Testing AI Systems Without Oracles: Metamorphic Test Generation and Prioritization

Madhusudan Srinivasan

East Carolina Univ.

Abstract

As AI systems are increasingly deployed in high-stakes domains such as healthcare, financial services, and hiring, ensuring their reliability and fairness has become critical. A fundamental obstacle is the oracle problem, the difficulty of defining correct outputs for complex, non-deterministic models. This talk presents metamorphic testing (MT) as a oracle-free framework for testing AI and machine learning systems, where Metamorphic Relations (MRs) define expected behavioral relationships between transformed inputs and outputs, enabling systematic fault detection without ground truth labels.

The talk covers two research contributions. First, a fairness test generation approach for LLMs that covers traditional software test generation techniques to generate diverse test cases targeting fairness faults across sensitive attributes. Evaluated on GPT-4.0 and LLaMA-3.0, it outperforms template-based and grammar-based baselines in fault detection rate and test diversity. Second, a data diversity driven MR prioritization framework that addresses the ineffectiveness of code coverage for ML programs and the high cost of exhaustive MR evaluation. Four diversity metrics are proposed to rank MRs by effectiveness and experiments across multiple ML models demonstrate up to 40% improvement in fault detection over random prioritization and a 26% reduction in time to first fault. The talk concludes with future directions including testing of autonomous AI agents, quantum software, and adaptive MR generation.

About the Speaker

Dr. Madhusudan Srinivasan is a faculty member in the Department of Computer Science at East Carolina University, USA. He is an active researcher in software testing for AI and machine learning systems, with a particular focus on metamorphic testing.

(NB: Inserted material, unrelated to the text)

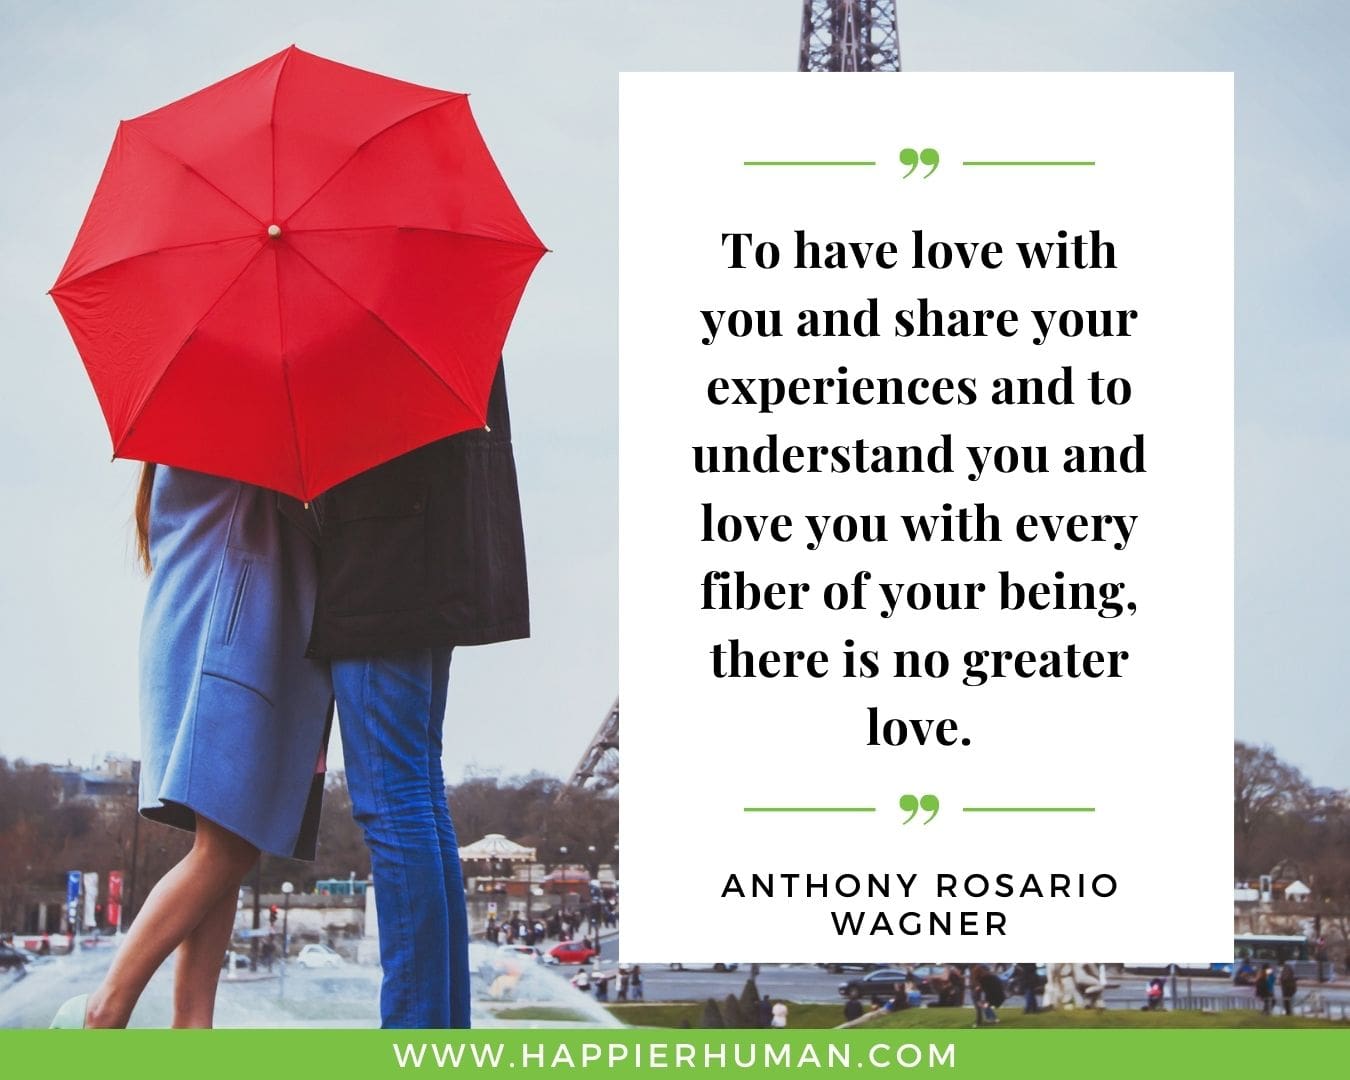 I’m Here for You Quotes - “To have love with you and share your experiences and to understand you and love you with every fiber of your being, there is no greater love.” – Anthony Rosario Wagner

His work includes one of the first studies on metamorphic relation prioritization for ML programs, a contribution that introduced data diversity as a principled criterion for selecting and ranking metamorphic relations, establishing a new direction in cost-effective ML testing. His research has been published in reputed venues including the Software Testing, Verification and Reliability journal, the SANER conference, and the IEEE International Conference on AI Testing (AITEST). He is the recipient of the Best Paper Award for his work on trustworthy AI, and his recent publications span fairness testing in LLMs, block chain smart contract validation, and execution profile driven test prioritization, reflecting a growing and broad research program in reliable AI software engineering.